Петя Быков предъявил свой мандат инспектору пограничной таможни, приятному старичку в пенсне на черной ленте. И, несмотря на то что в мандате говорилось о том, что Петр Авксентьевич Быков является комиссаром, что ему должны оказывать всяческое содействие и помощь организации, войсковые части, учреждения и даже отдельные граждане, несмотря на лиловую печать, исходящий номер, число - 2 января 1918 года - и подпись с широким росчерком, бумага не произвела на старичка никакого впечатления. Прочитав мандат, Провоторов посмотрел на Быкова сквозь стекла пенсне, потом снял пенсне и, держа его возле уха, стал молча, со злым любопытством вглядываться в молодое, серое от недоедания лицо комиссара.

- Так, так! - сказал старичок. - На поправочку прибыли? На подножный корм. Подпитаться. Что ж, дело доброе, отчего и не покушать питерскому пролетарию. Только боюсь - ошиблись. Боюсь - адрес не угадали. Мы ведь тут, скажу вам откровенно, насчет вашей совдепии сомневаемся. Сильно сомневаемся...
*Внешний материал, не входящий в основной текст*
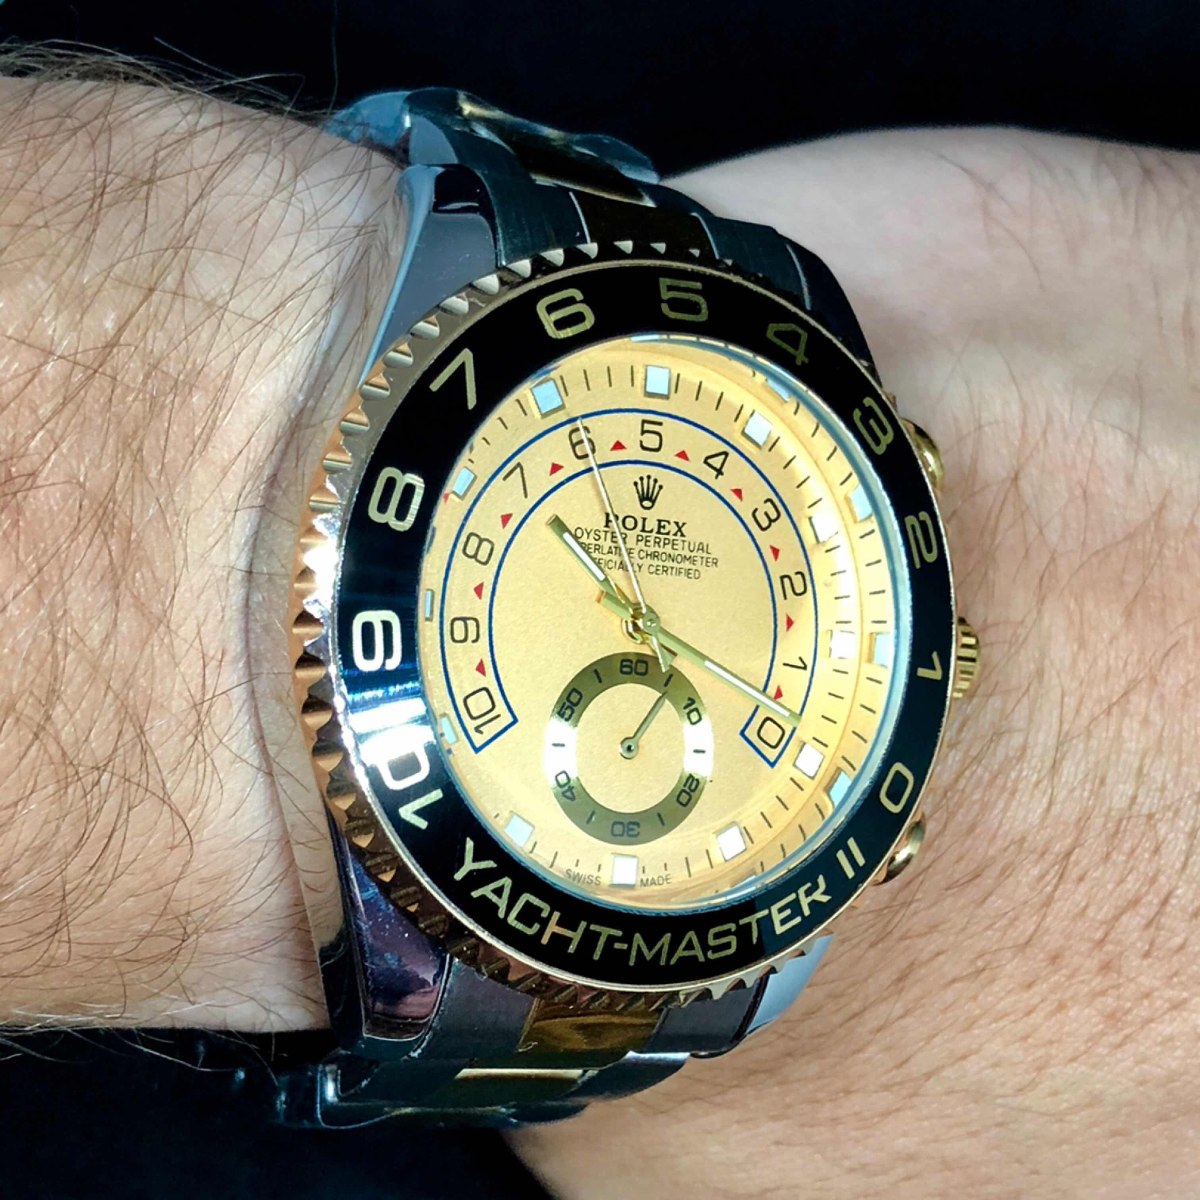 09e70e97569 relógio rolex submariner yacht master novo. Carregando zoom.

Кровь кинулась Быкову в голову, но он сдержался. Приятный старичок оказался наглой контрой и не только не считал нужным притворяться перед молодым комиссаром или хоть молчать, нет, он заговорил и долго, с упоением рассказывал, какой был человек Сергей Юльевич Витте - не чета нынешним, но и он, создав корпус пограничной стражи, все-таки не мог ничего сделать с департаментом таможенных сборов и с вице-директором департамента бароном Ганом.

- Самому графу Витте не удалось! - говорил старичок, крутя на пальце свое пенсне. - А уж он, Сергей Юльевич, в два царствия к обоим императорам запросто захаживал. Мы - ох, сила! Границы российской империи, нуте-кось, сочтите! И везде наш брат, таможенный чиновник, осел, везде корни пустил, все мы друг друга вот как знаем, захотим - контрабанду отыщем, где ее и нет вовсе, а захотим - любой груз пропустим, и сам черт нам не брат. Так-то, мосье комиссар! Засим желаю приятного препровождения времени в наших палестинах...

"Твердость и спокойствие!" - приказал себе Петя.

Не попрощавшись со старичком, он вышел из конторы на улицу. Мела поземка, нигде не было видно ни души. Уже смеркалось. В приземистых, засыпанных снегом домишках зажигались желтые огоньки. "Куда ж идти? - думал Петя. - Где выспаться, где поесть? Черт, хоть бы махорка была!"